### [PROBLEM]
What you give back must match the records below exactly, apart from the pictures, which are omitted.

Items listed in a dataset
——————
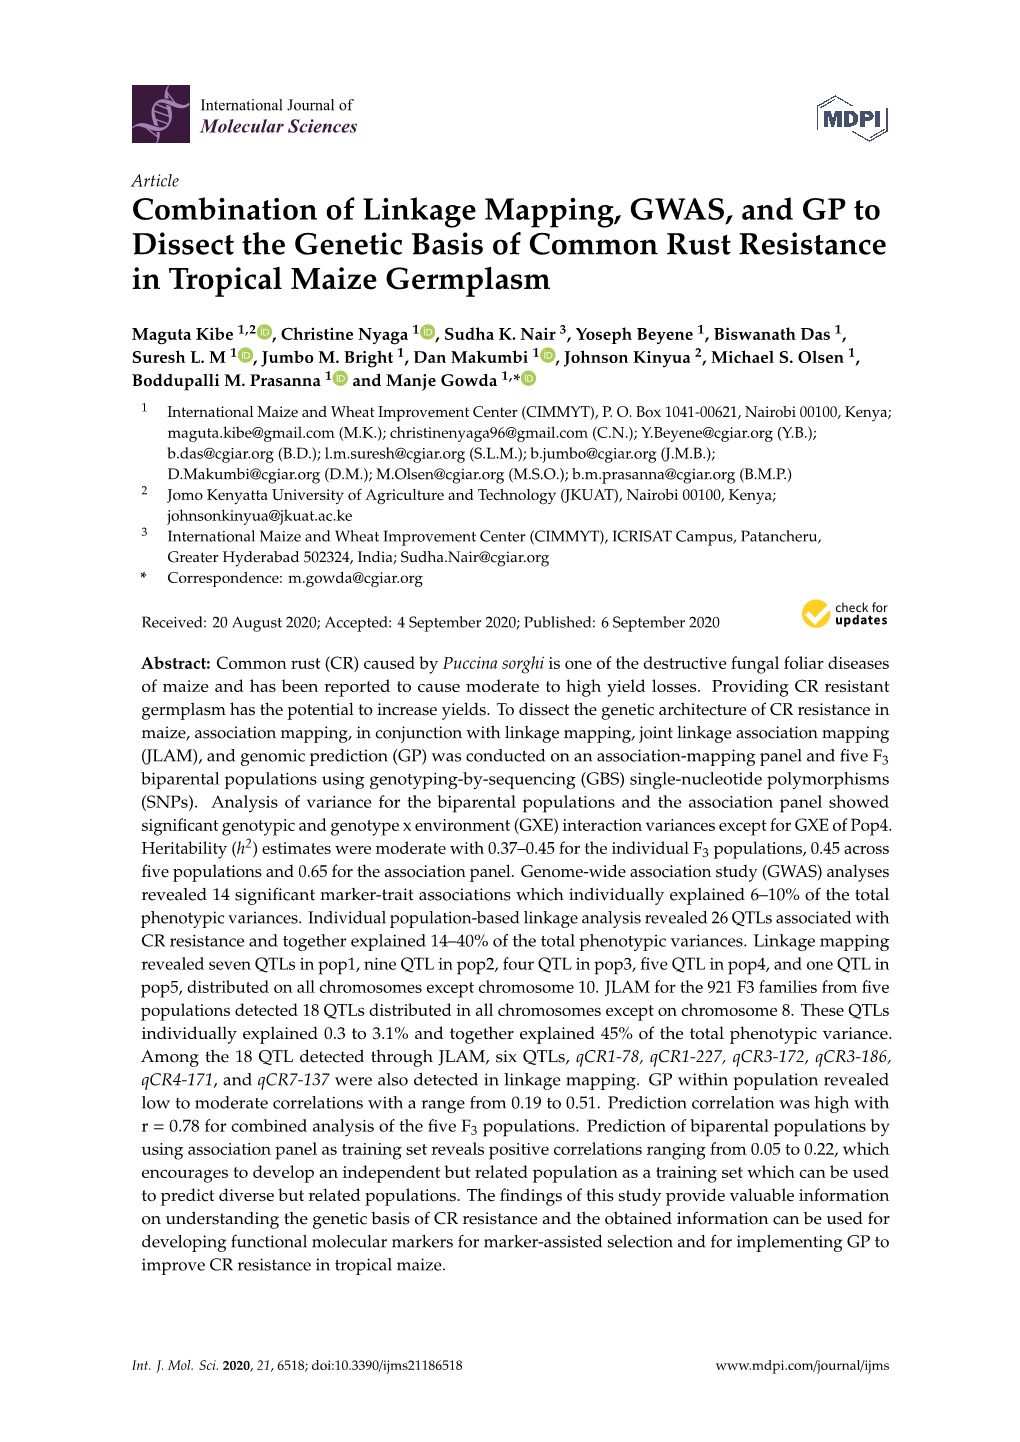 Combination of Linkage Mapping, GWAS, and GP to Dissect the Genetic Basis of Common Rust Resistance in Tropical Maize Germplasm
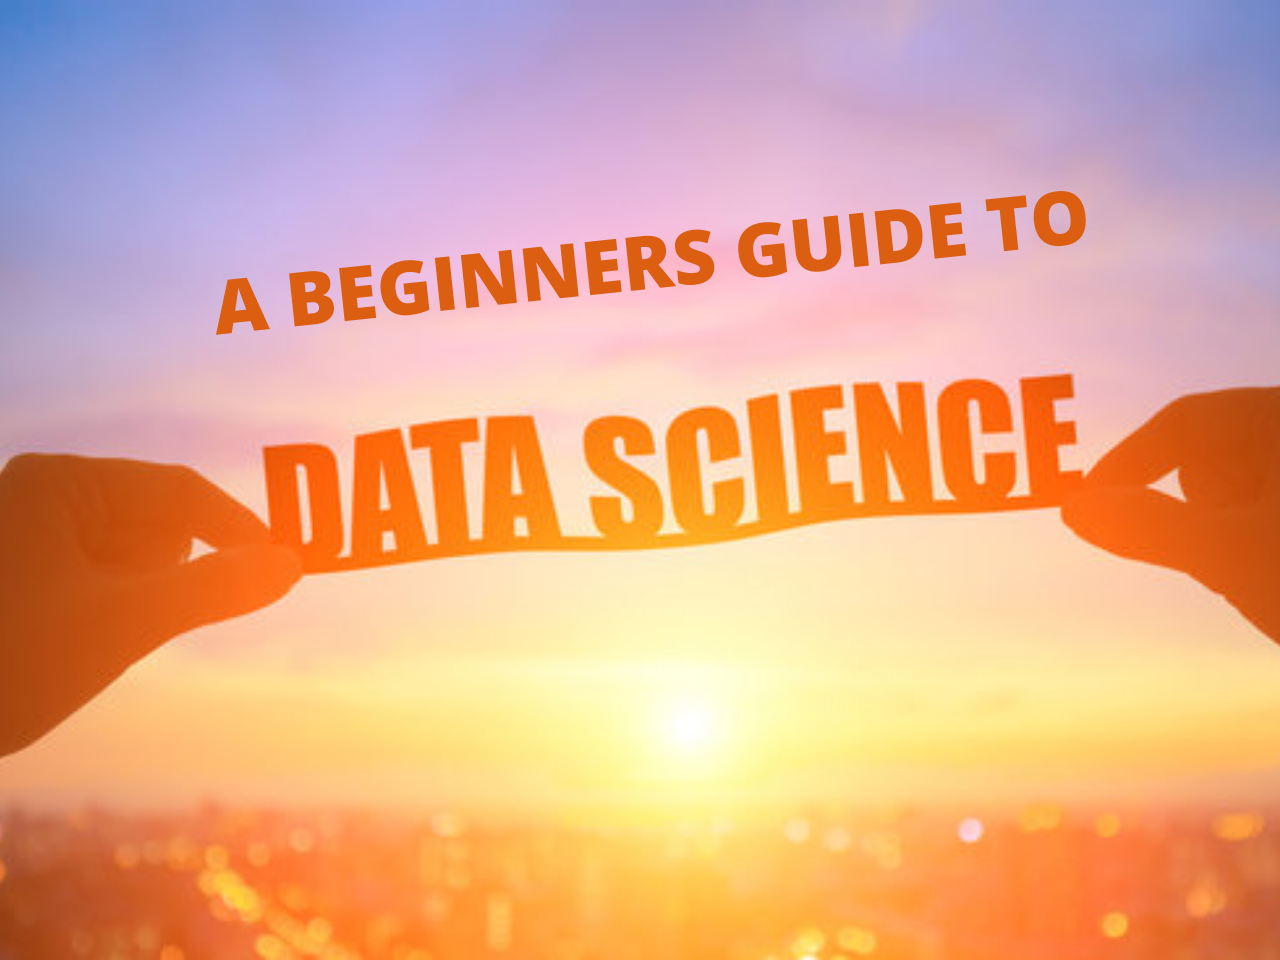 A BEGINNERS GUIDE TO DATA SCIENCE (2).png Data Science Course in hdyerabad by subbu
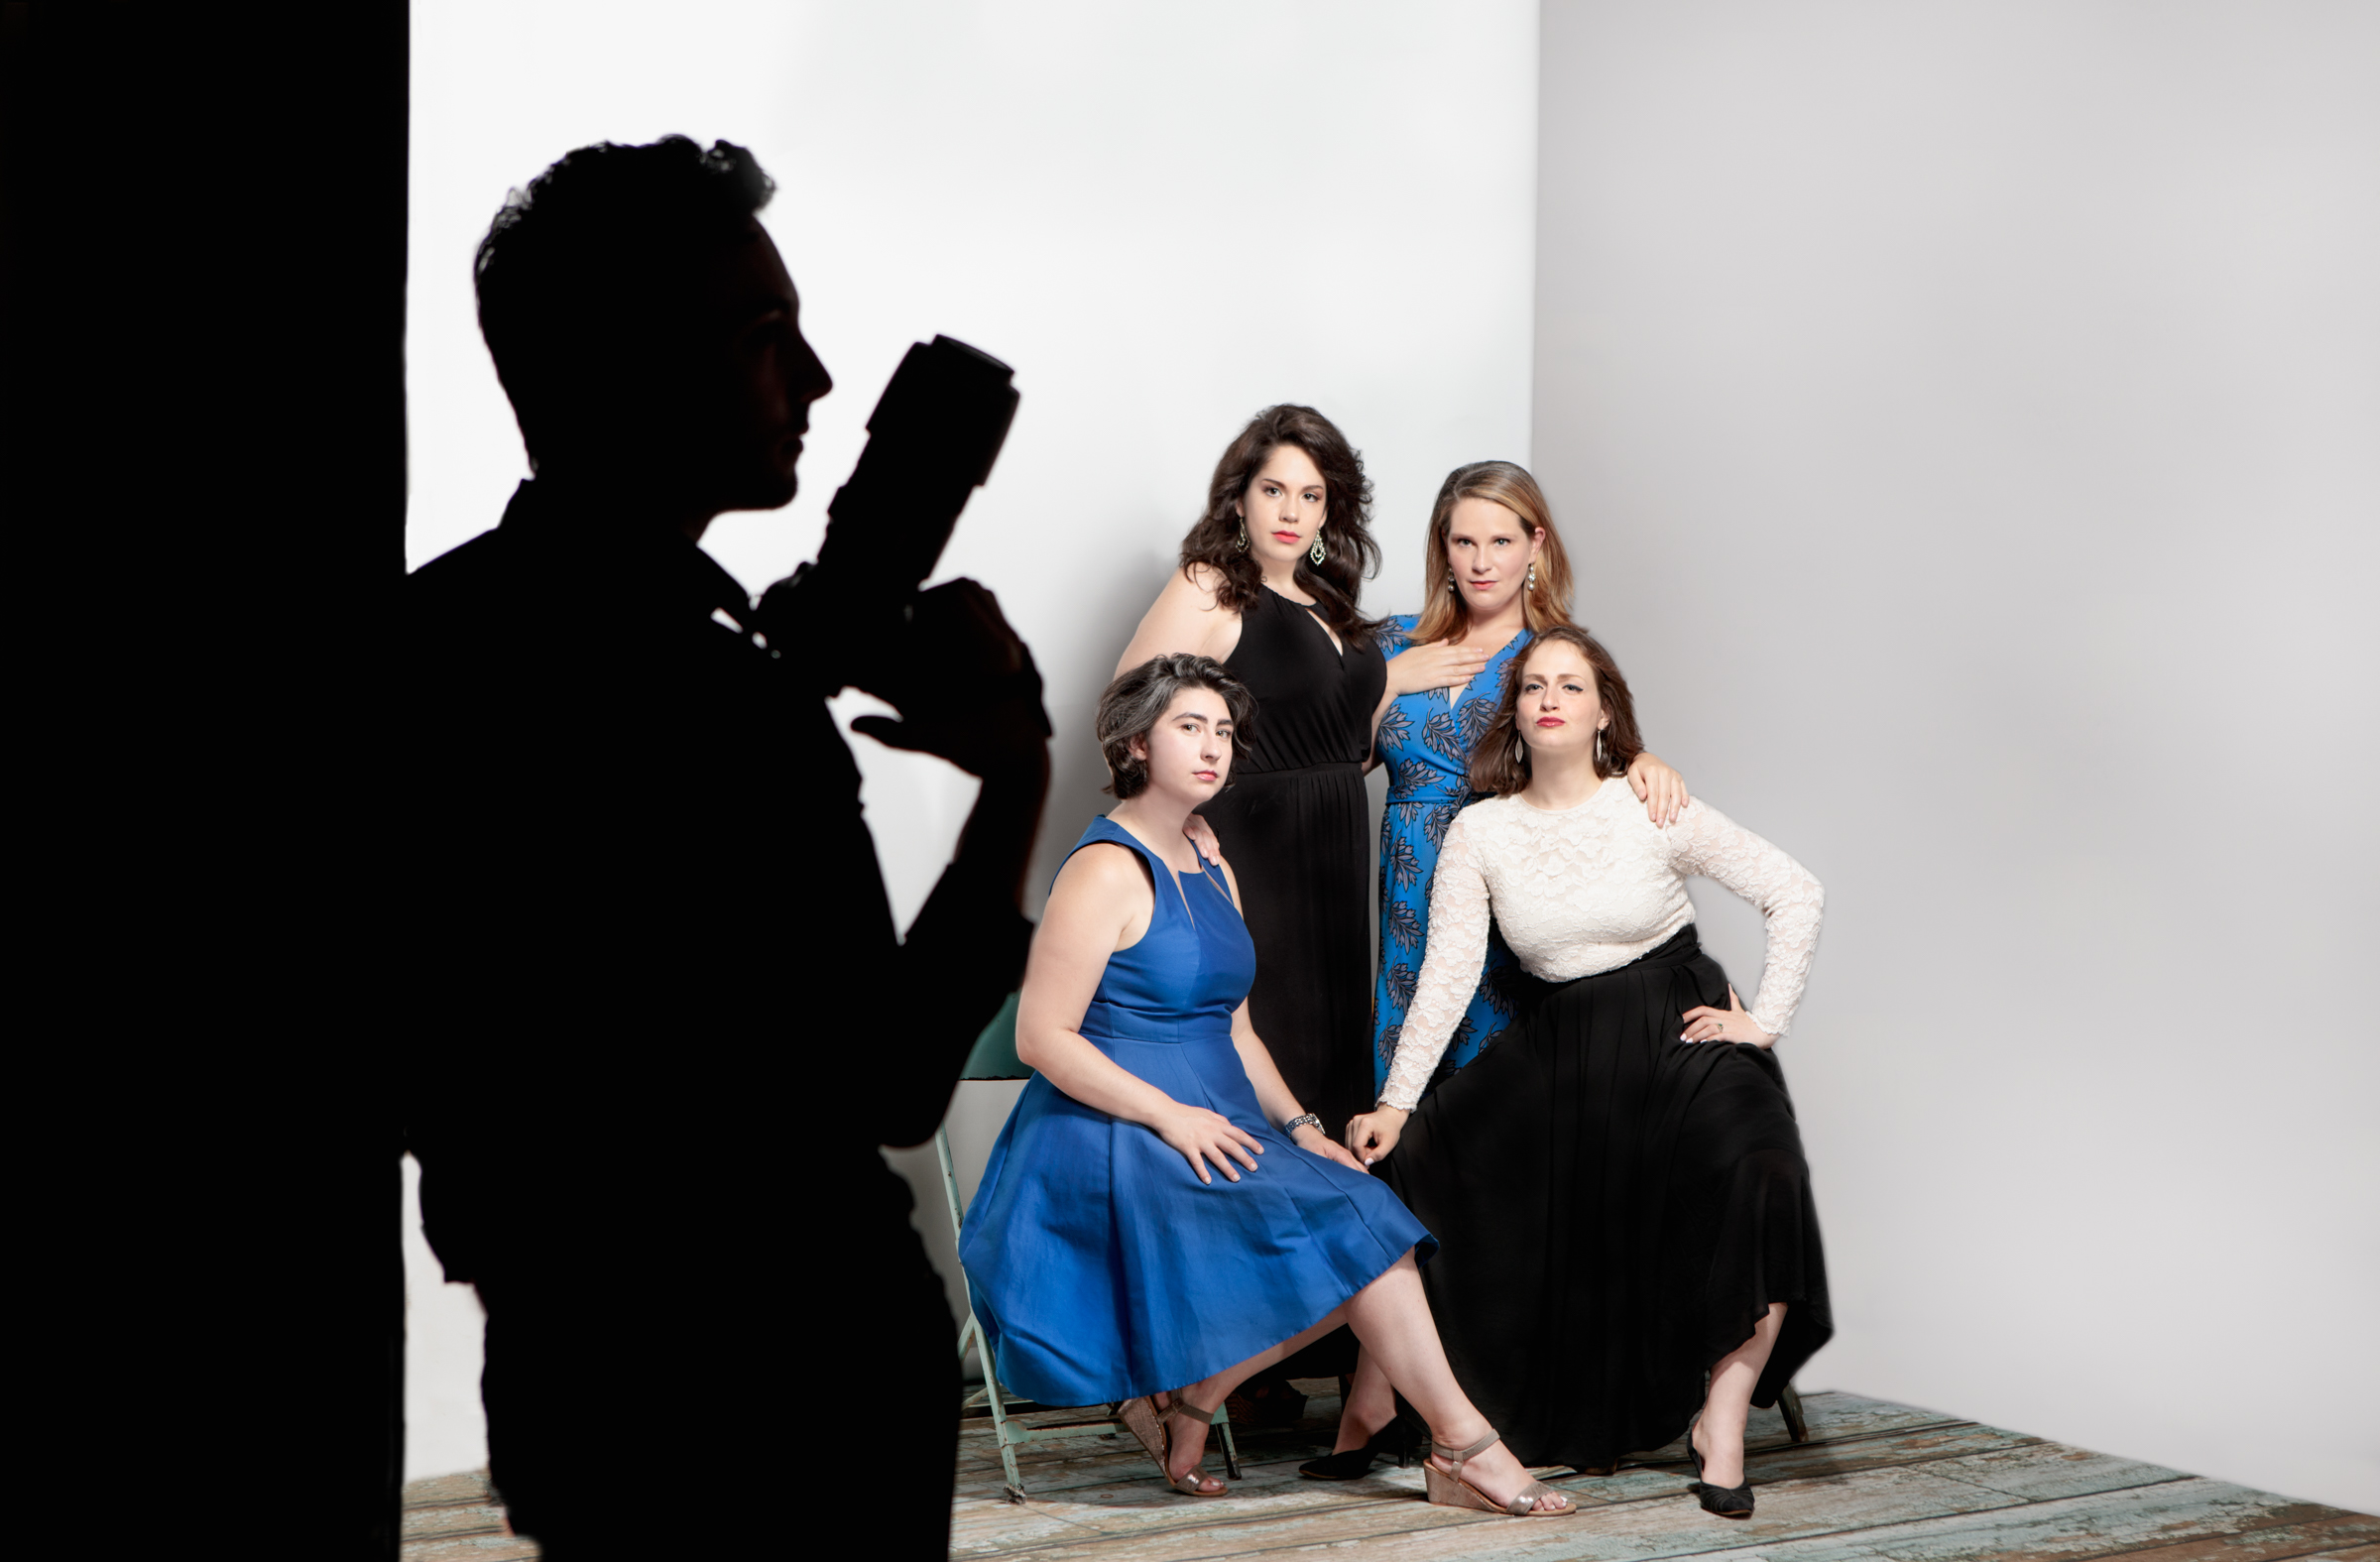  Ann Fogler with the Boston Opera Collaborative Colleagues at  Don Giovanni  marketing photoshoot.   August 2018    Photo credit: Dan Busler  
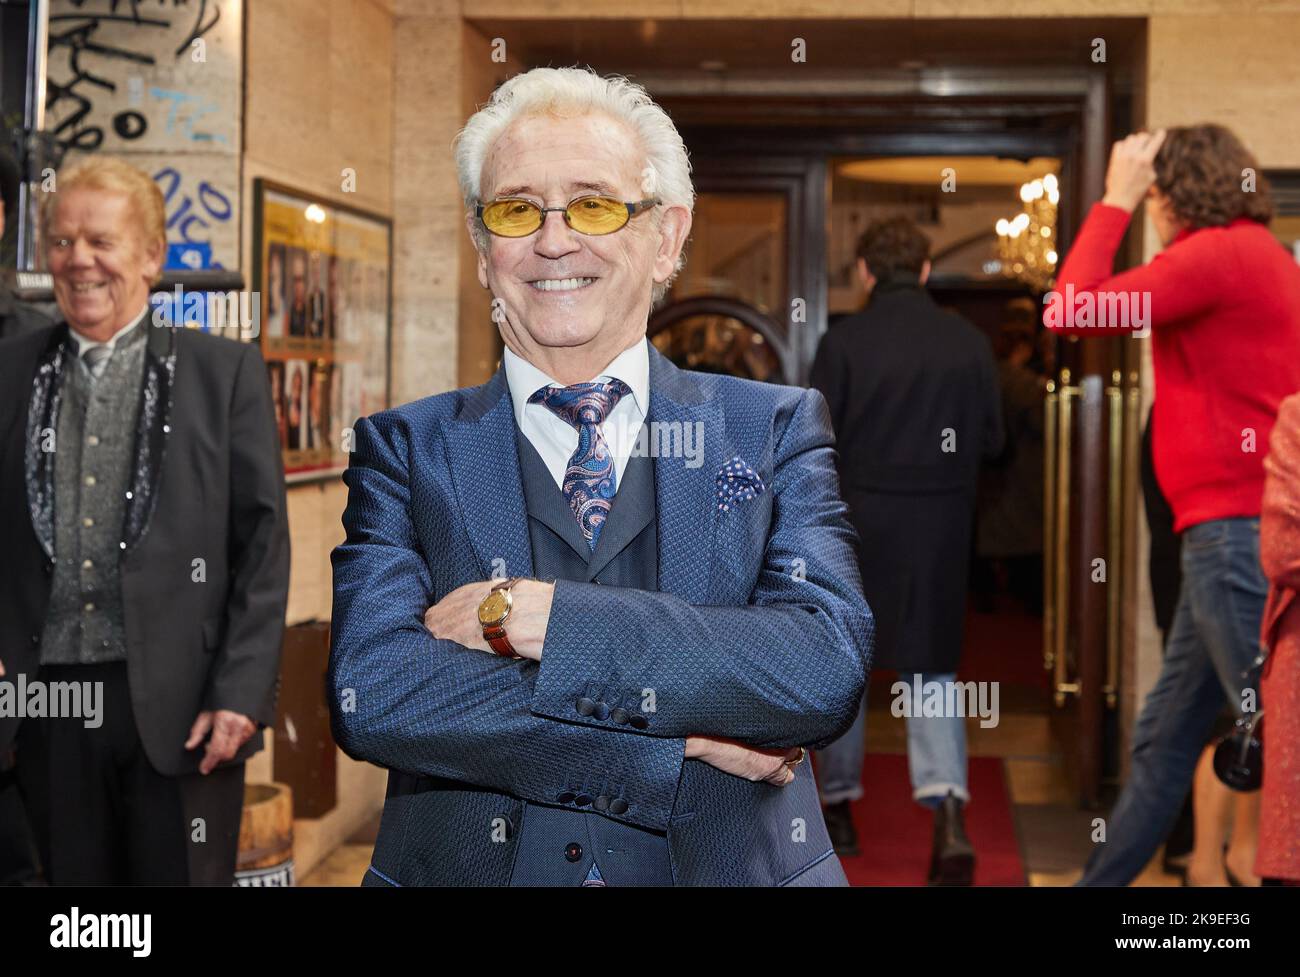 Hamburg, Germany. 27th Oct, 2022. Tony Christie, English musician, singer and actor, comes to the gala premiere on the occasion of the new season of vaudeville at the Hansa Theater. Credit: Georg Wendt/dpa/Alamy Live News Stock Photo
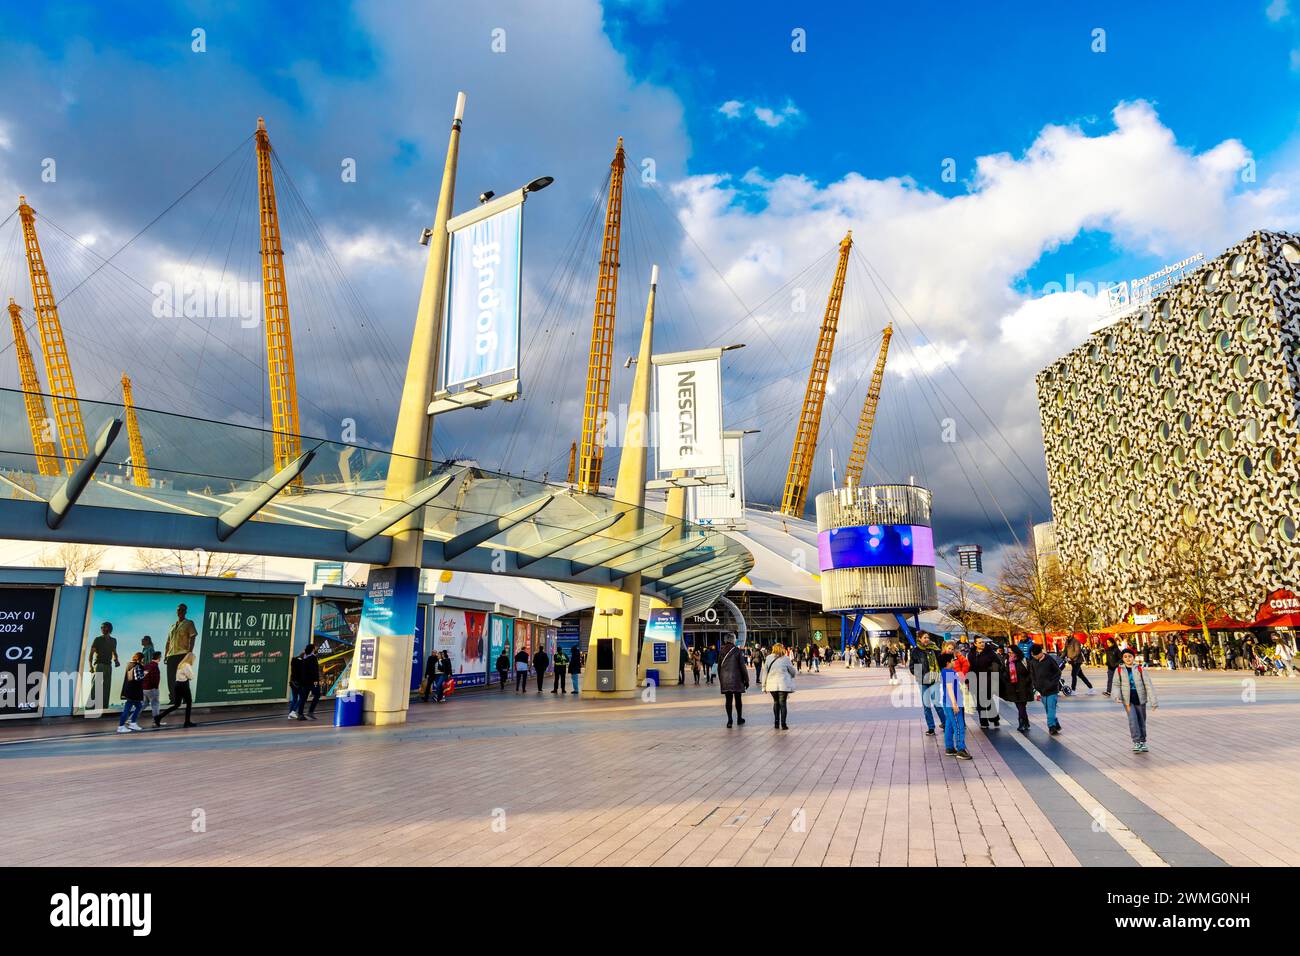 Peninsula Square et O2 Arena, North Greenwich, Londres, Angleterre Banque D'Images
——————
### [SOLVED PROBLEM]
 Combination of Linkage Mapping, GWAS, and GP to Dissect the Genetic Basis of Common Rust Resistance in Tropical Maize Germplasm
 A BEGINNERS GUIDE TO DATA SCIENCE (2).png Data Science Course in hdyerabad by subbu
  Ann Fogler with the Boston Opera Collaborative Colleagues at  Don Giovanni  marketing photoshoot.   August 2018    Photo credit: Dan Busler  
 Hamburg, Germany. 27th Oct, 2022. Tony Christie, English musician, singer and actor, comes to the gala premiere on the occasion of the new season of vaudeville at the Hansa Theater. Credit: Georg Wendt/dpa/Alamy Live News Stock Photo
 Peninsula Square et O2 Arena, North Greenwich, Londres, Angleterre Banque D'Images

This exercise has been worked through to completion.